The upper cabin cover shell and the lower cabin cover shell are spliced to form a containing cavity with two open ends for containing parts of the wind driven generator, and the tail cover is arranged at the position where the first wind tail and the second wind tail are located and seals one open end of the containing cavity;

The second air outlet part is provided with a plurality of first through holes which are distributed at intervals, and the air outlet directions of the first through holes are partially or totally different;

the fourth air outlet part is provided with a plurality of first through holes which are distributed at intervals, and the air outlet directions of the first through holes are partially different or completely different.

2. The sand intrusion prevention nacelle structure of claim 1, wherein the second air outlet is a single second through hole, and further comprising an upper spoiler cover disposed on the upper housing and covering the second air outlet, the upper spoiler cover comprising a plurality of upper spoiler holes, wherein the plurality of upper spoiler holes have partially or completely different air outlet directions.

3. The sand intrusion prevention nacelle structure of claim 2, wherein the upper spoiler comprises a first wind guiding protrusion located on a side of the upper spoiler aperture remote from the first wind tail.

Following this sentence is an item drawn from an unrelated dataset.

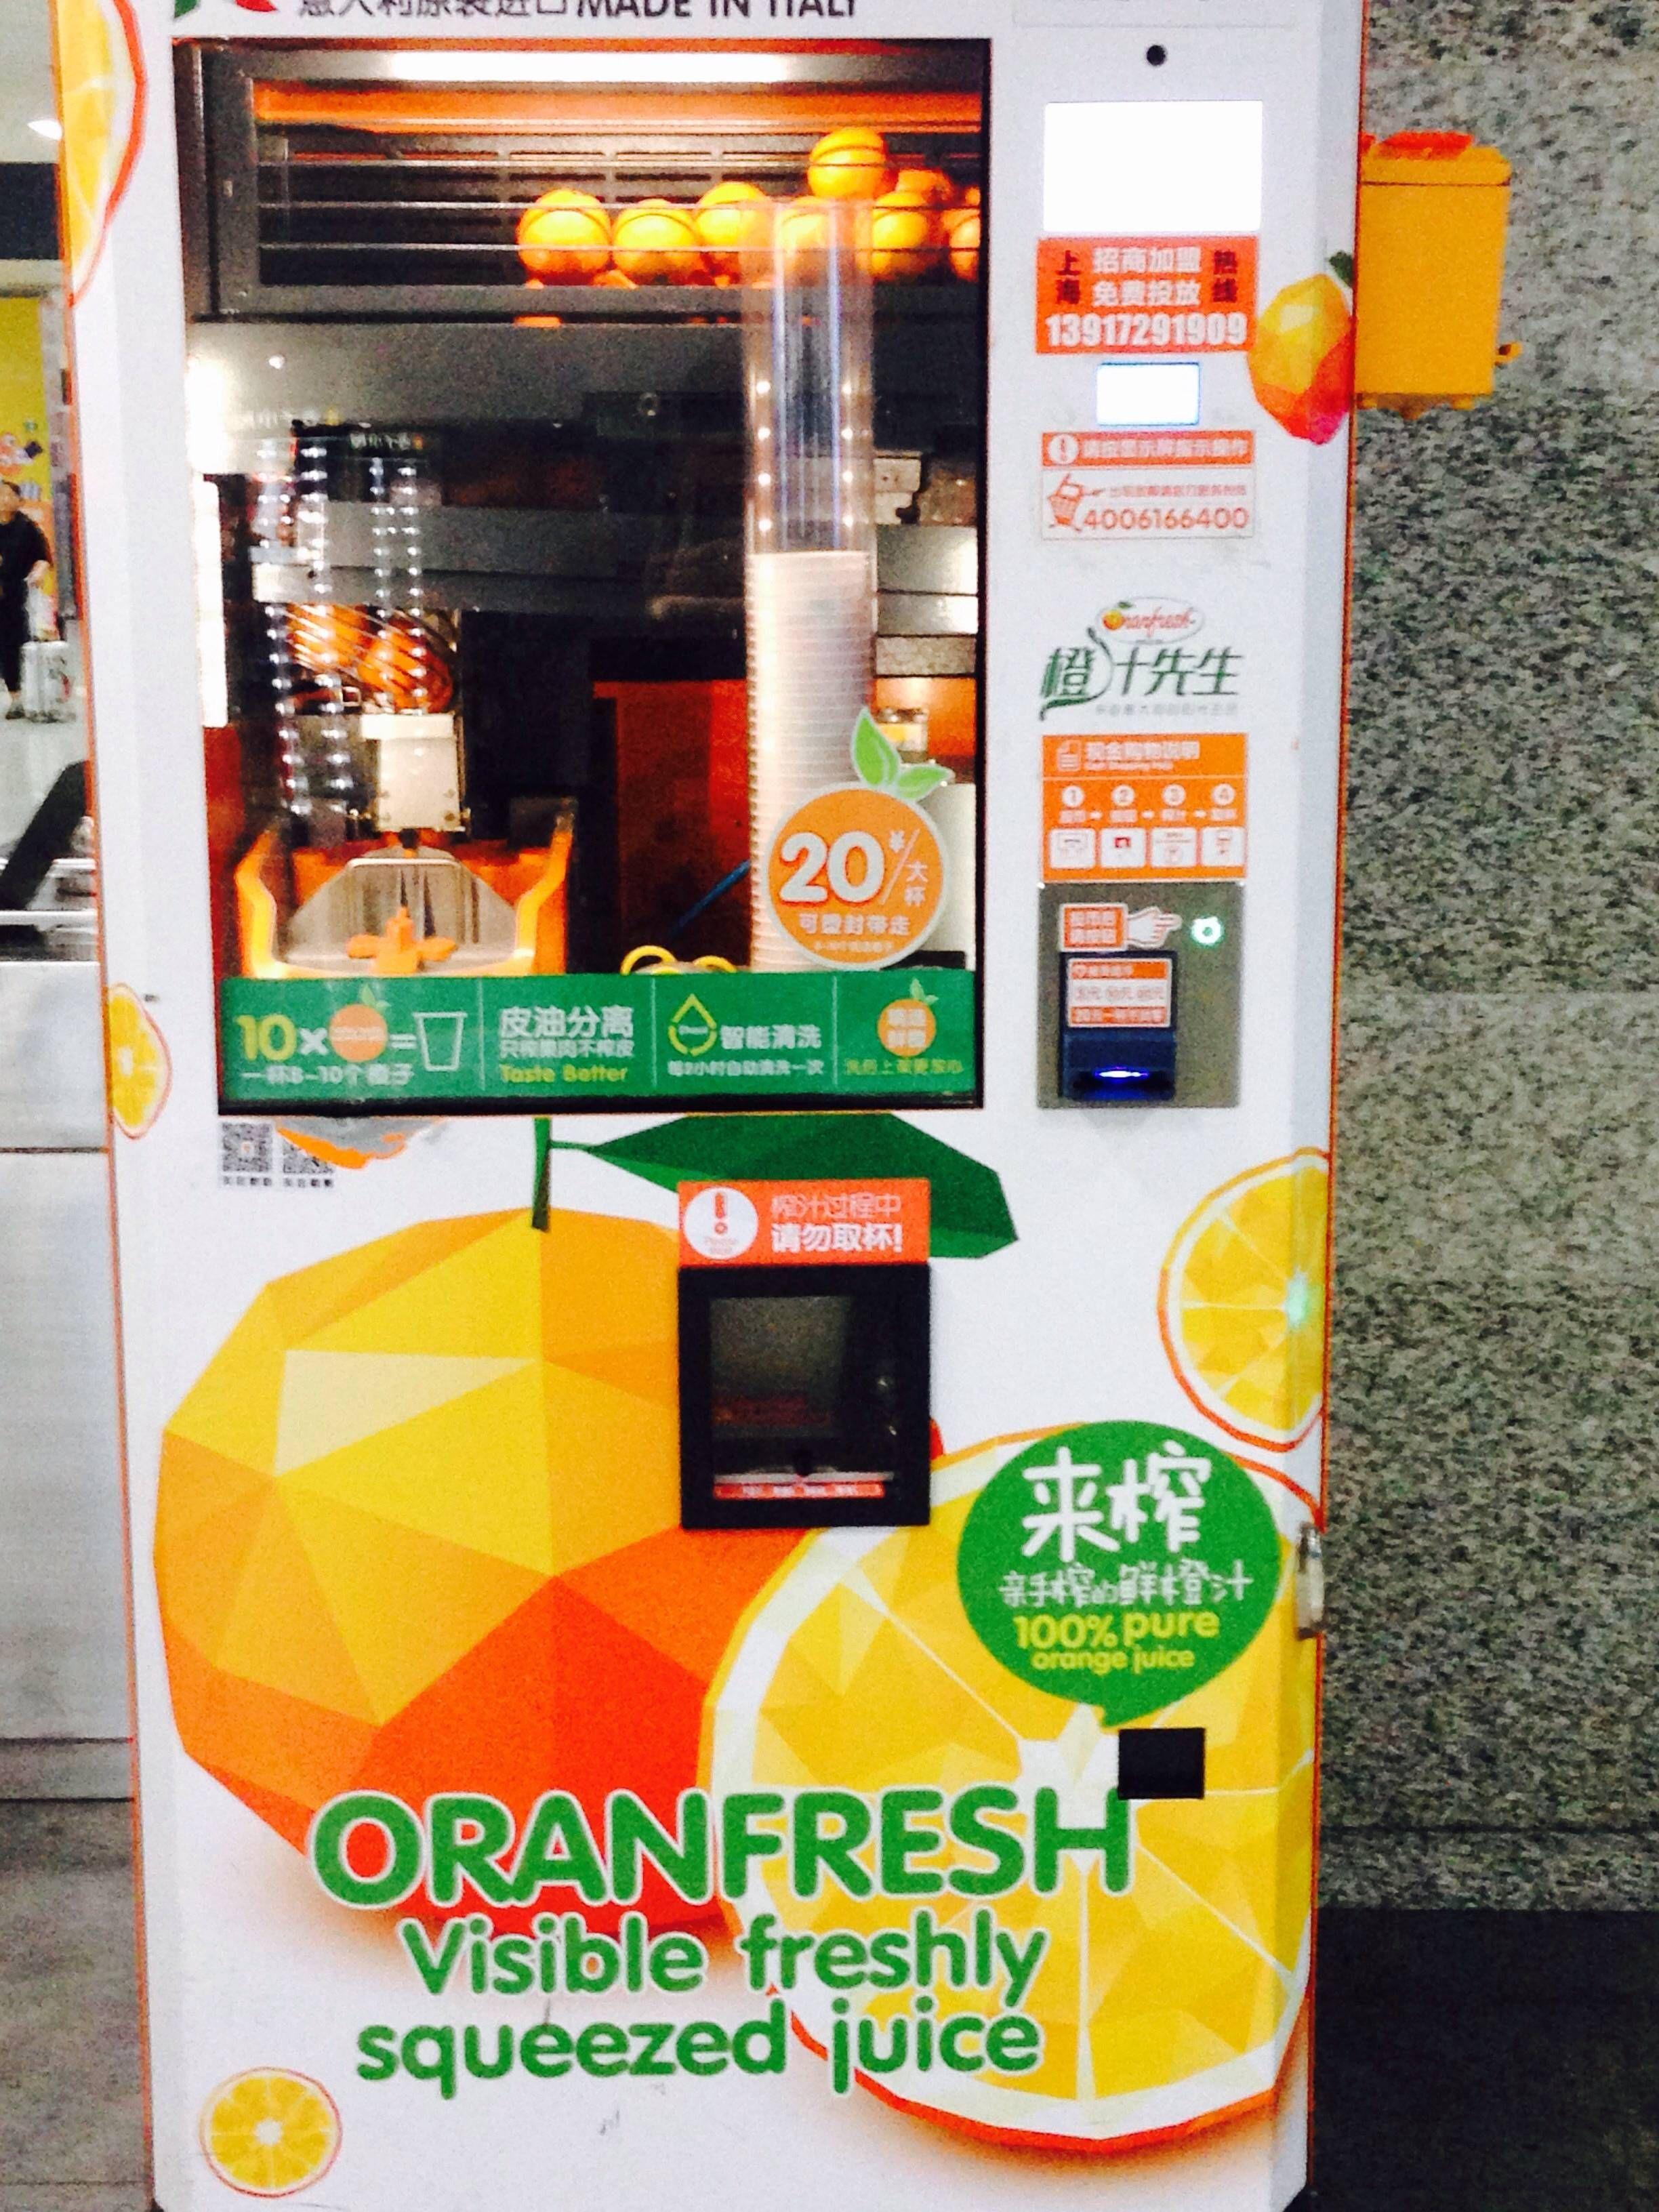 Fresh Orange Juice Vending Machine In 2019 Ibs Inspiration

4. The sand intrusion prevention nacelle structure of claim 1, wherein the fourth air outlet is a single second through hole, and further comprising a lower spoiler disposed in the lower housing and housing the fourth air outlet, the lower spoiler comprising a plurality of lower spoiler apertures, the plurality of lower spoiler apertures having partially or fully different air outlet directions.

5. The sand intrusion prevention nacelle structure of claim 4, wherein the lower spoiler comprises a second wind scooper located on a side of the lower spoiler aperture remote from the second wind tail.

6. The sand intrusion prevention nacelle structure of claim 1, wherein the air outlet directions of the first air outlet portion and the third air outlet portion intersect after the upper nacelle cover and the lower nacelle cover are joined.

7. The wind-sand-intrusion prevention nacelle structure according to claim 6, wherein an axis direction of a main shaft of the wind turbine to be placed in the accommodating chamber is taken as a reference direction, and an included angle between an air outlet direction of the first air outlet portion and the reference direction is 15 °;

And the included angle between the air outlet direction of the third air outlet part and the reference direction is 15 degrees.

8. A wind driven generator, comprising a control system, a suction fan and the cabin structure for preventing wind sand intrusion according to any one of claims 1-7, wherein the control system is used for controlling the start and stop of the suction fan, the number of the suction fans is a plurality, part of the suction fans are arranged in the first accommodating chamber, and the other part of the suction fans are arranged in the second accommodating chamber.